Material for this exercise:
——————————

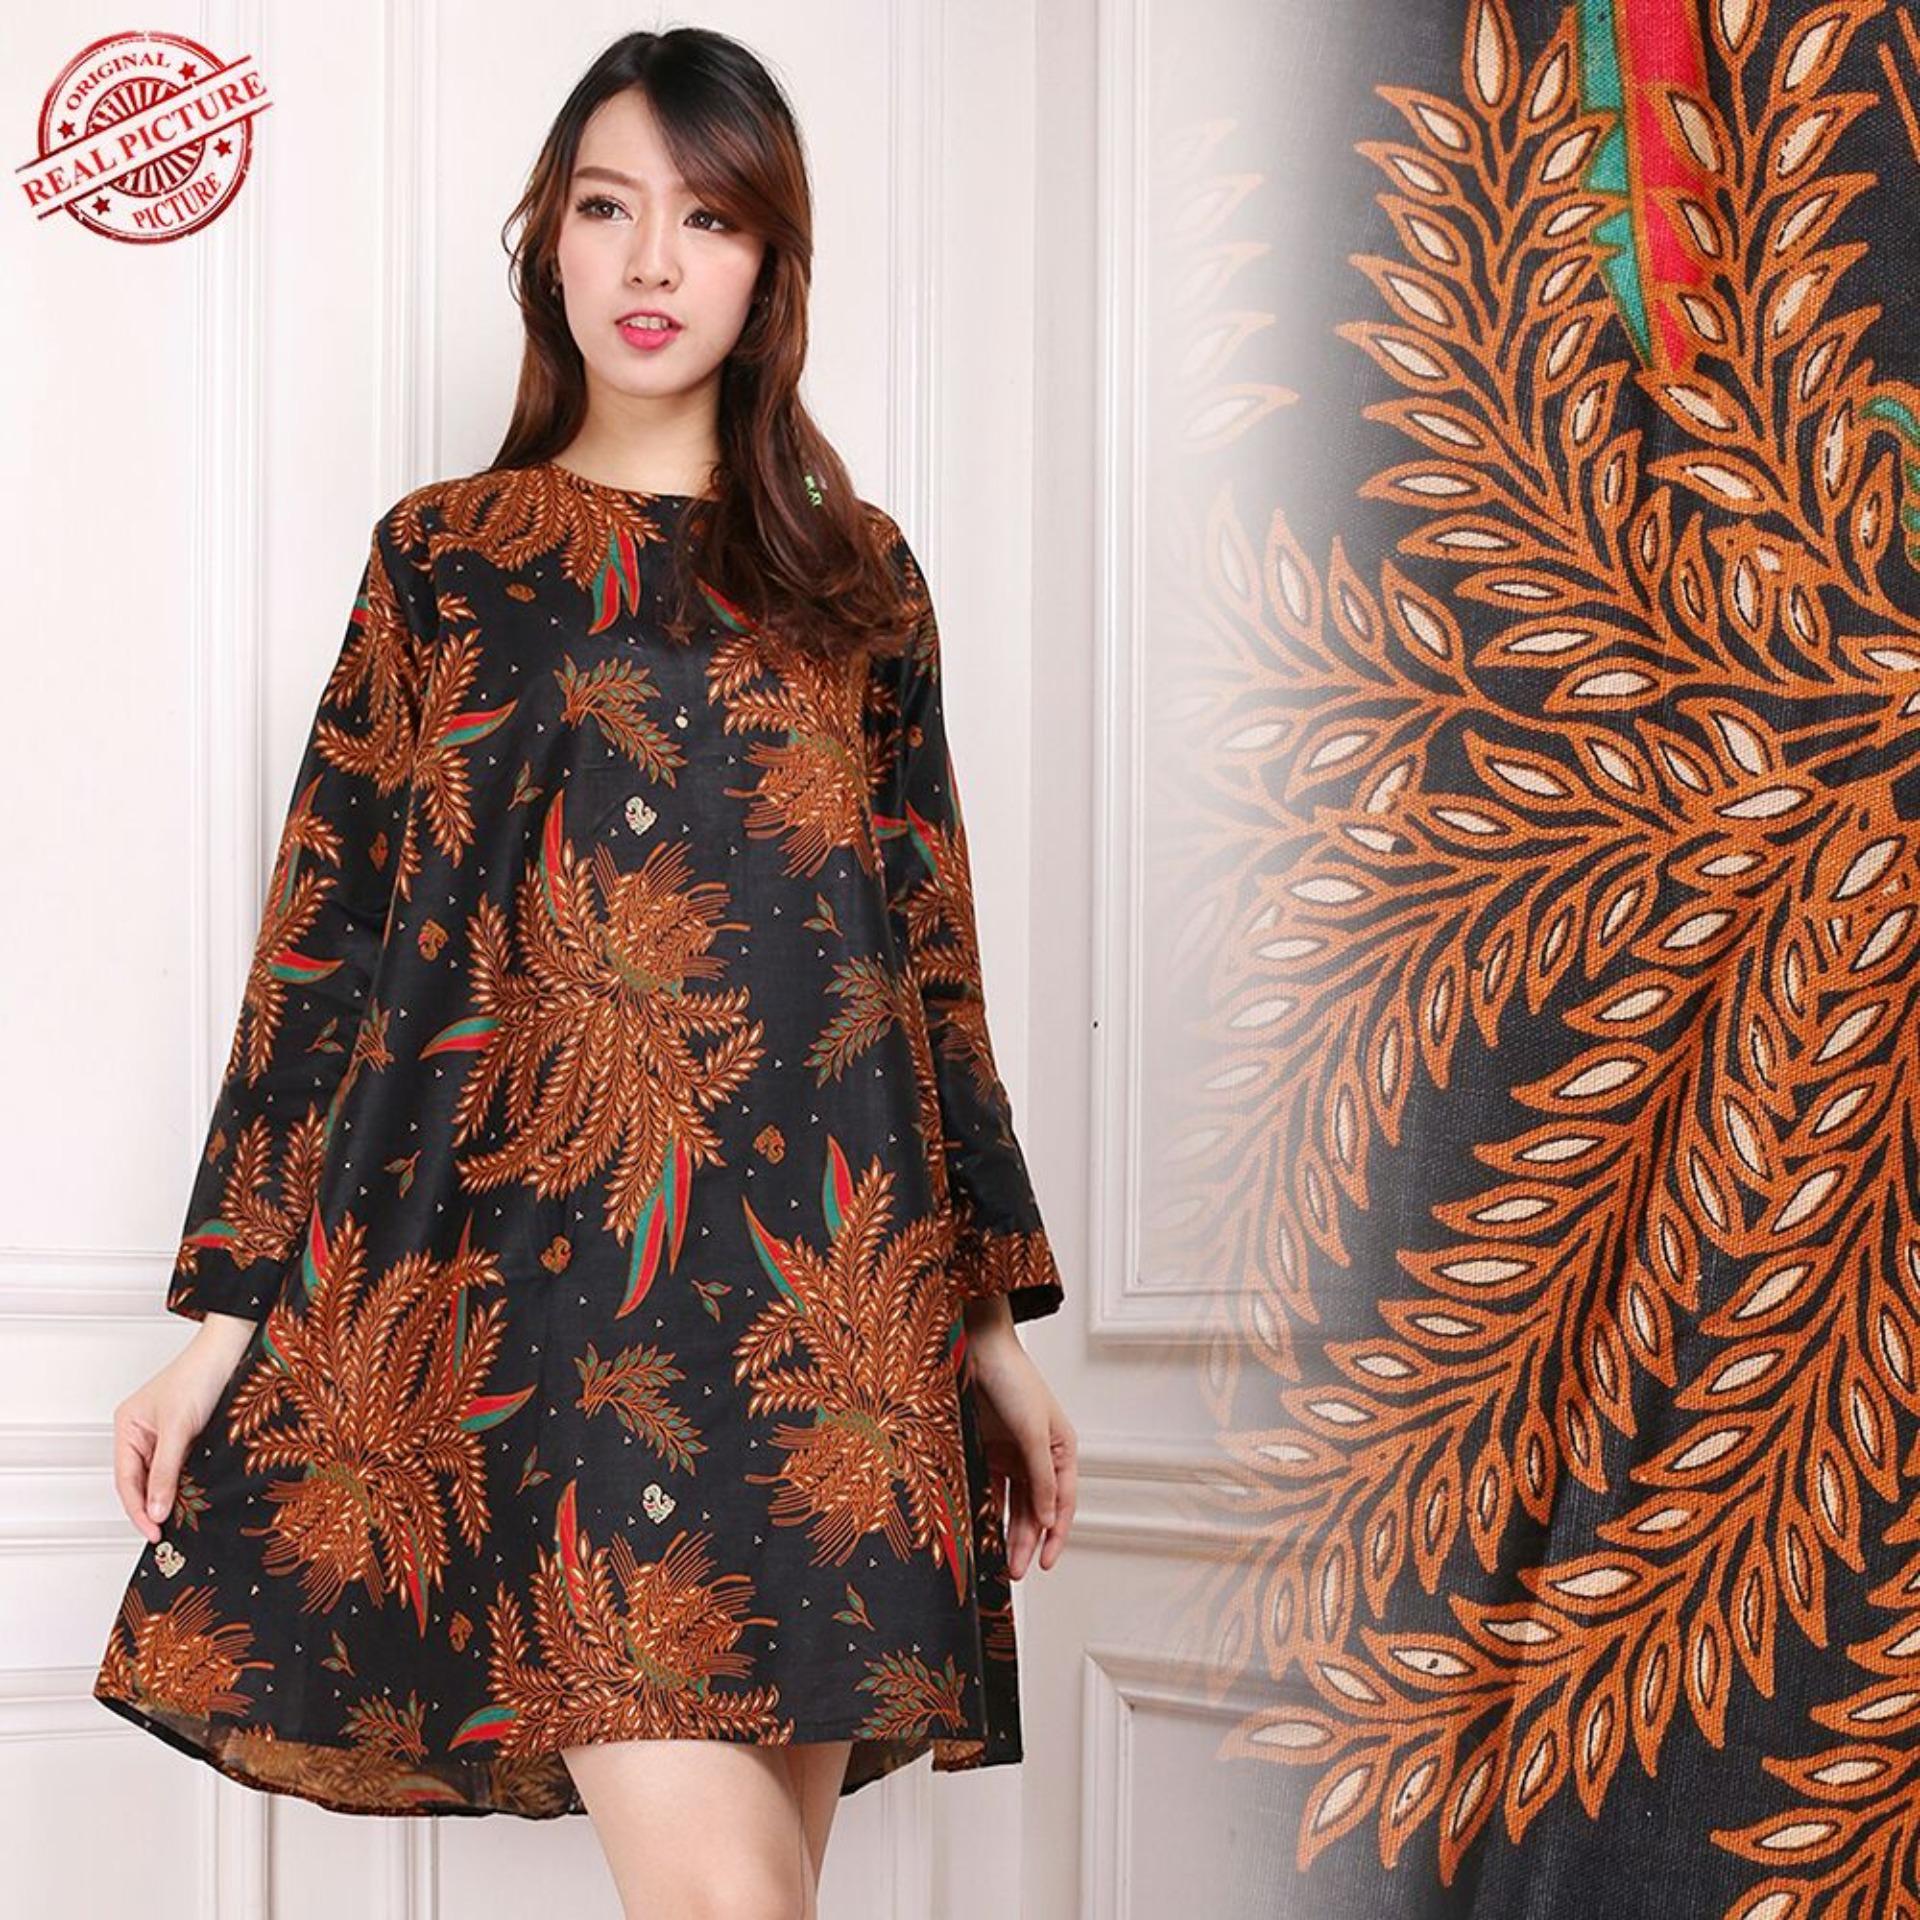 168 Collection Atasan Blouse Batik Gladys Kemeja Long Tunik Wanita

——————————

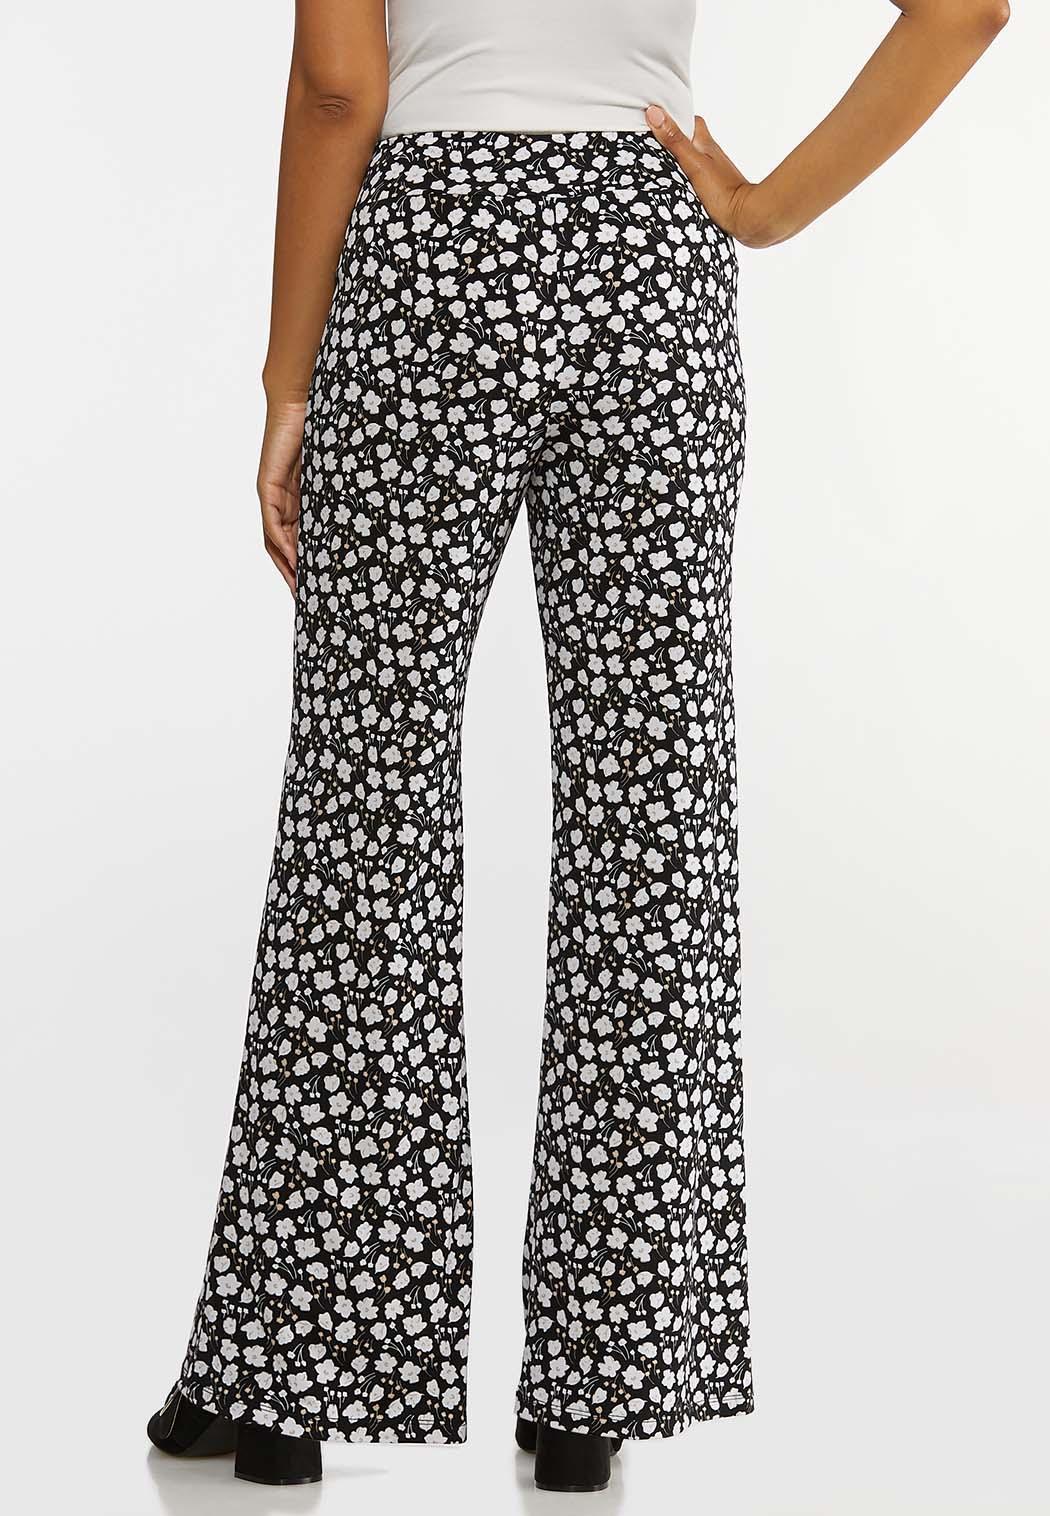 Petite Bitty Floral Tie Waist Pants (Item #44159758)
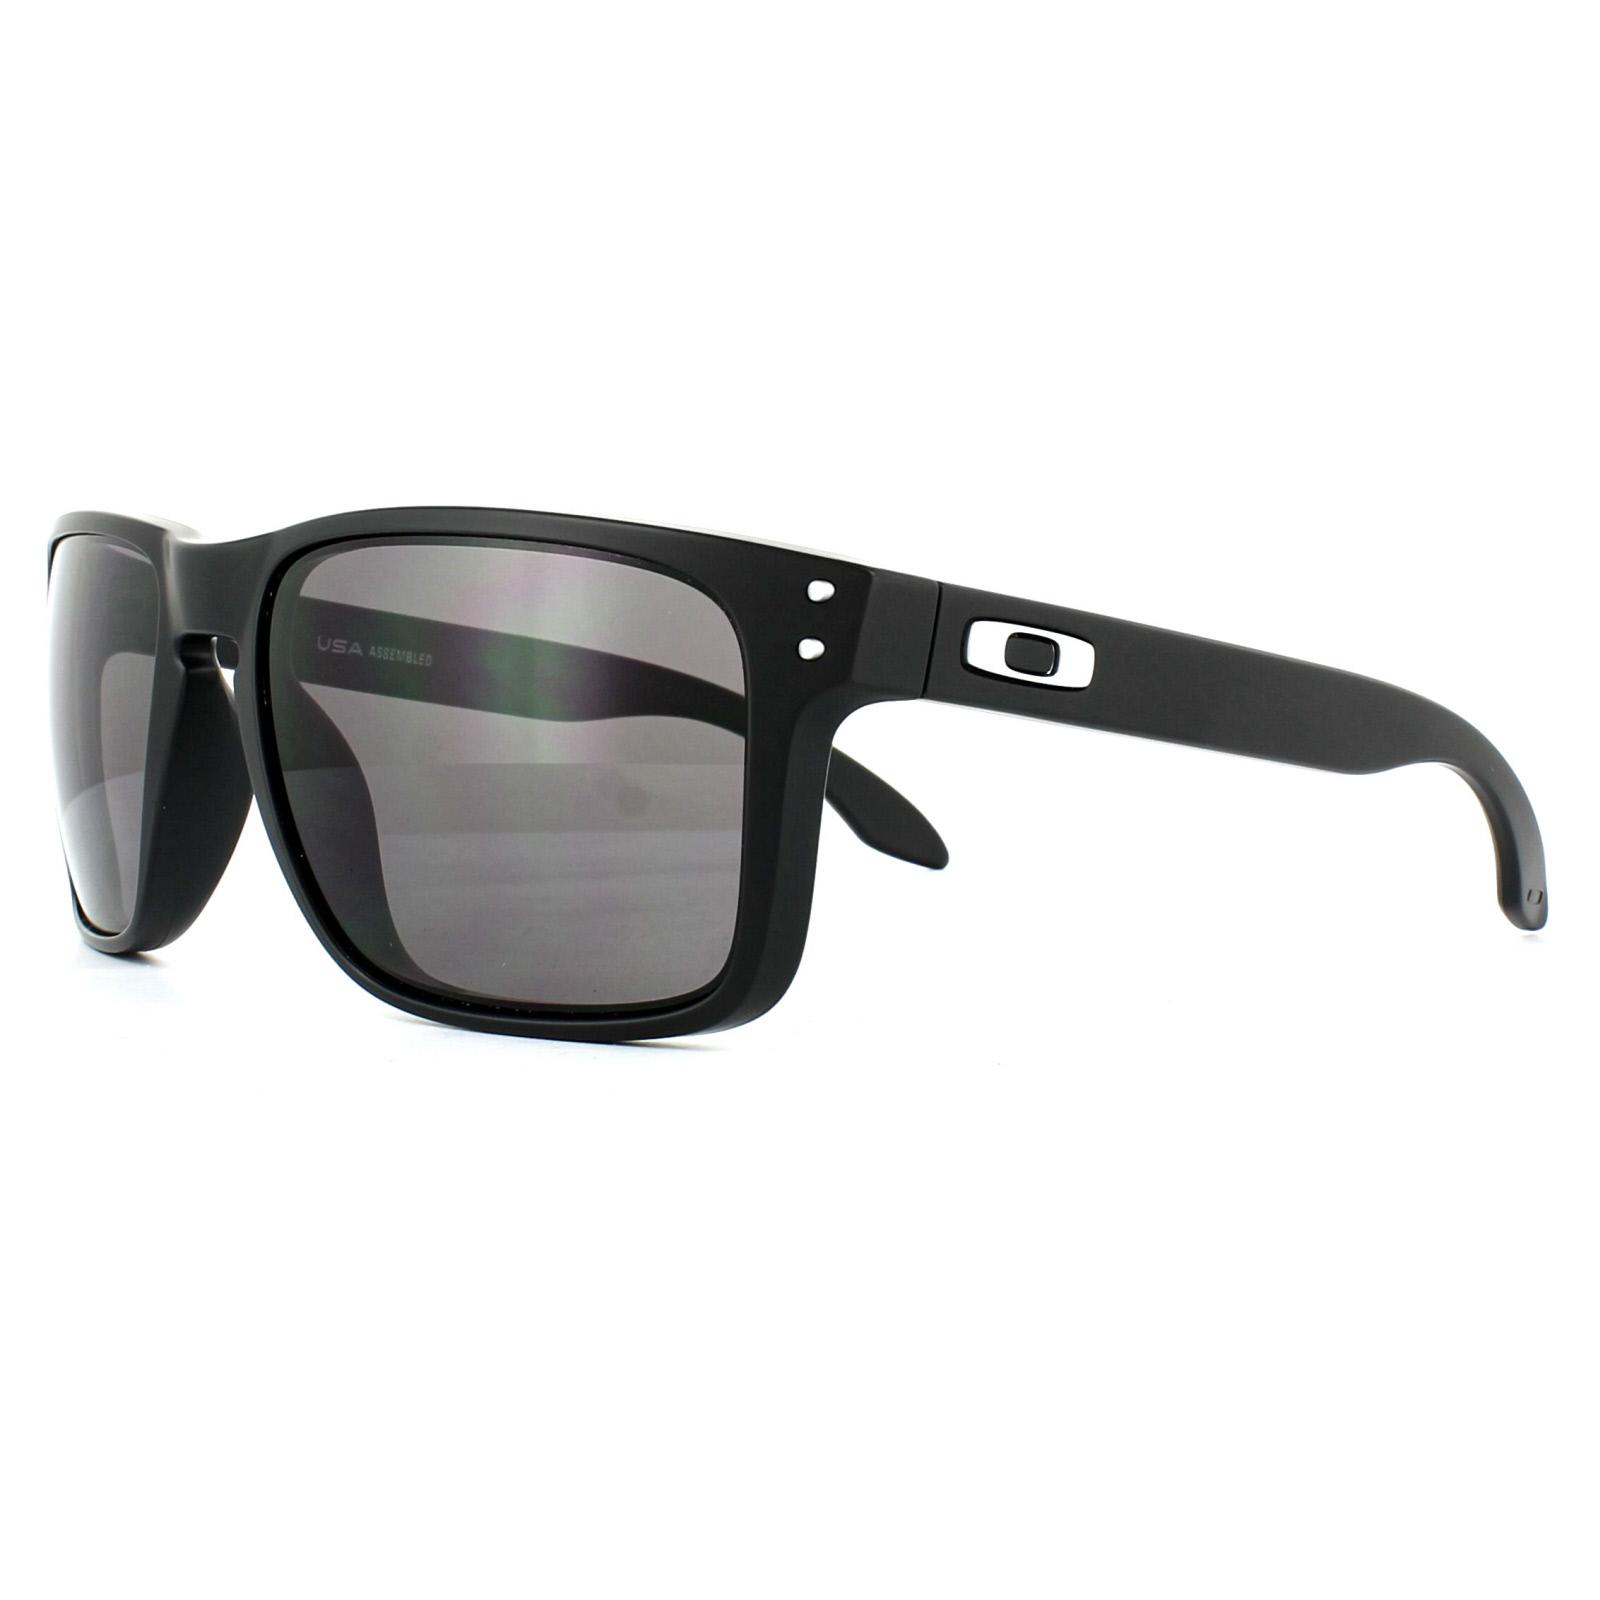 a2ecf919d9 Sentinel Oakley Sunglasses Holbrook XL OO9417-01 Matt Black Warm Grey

——————————

What is expected: Copy out the listing above from the line containing "Petite Bitty Floral" to the line containing "a2ecf919d9 Sentinel Oakley", both included, exactly as written and minus the images.

Task output:
 Petite Bitty Floral Tie Waist Pants (Item #44159758)
 a2ecf919d9 Sentinel Oakley Sunglasses Holbrook XL OO9417-01 Matt Black Warm Grey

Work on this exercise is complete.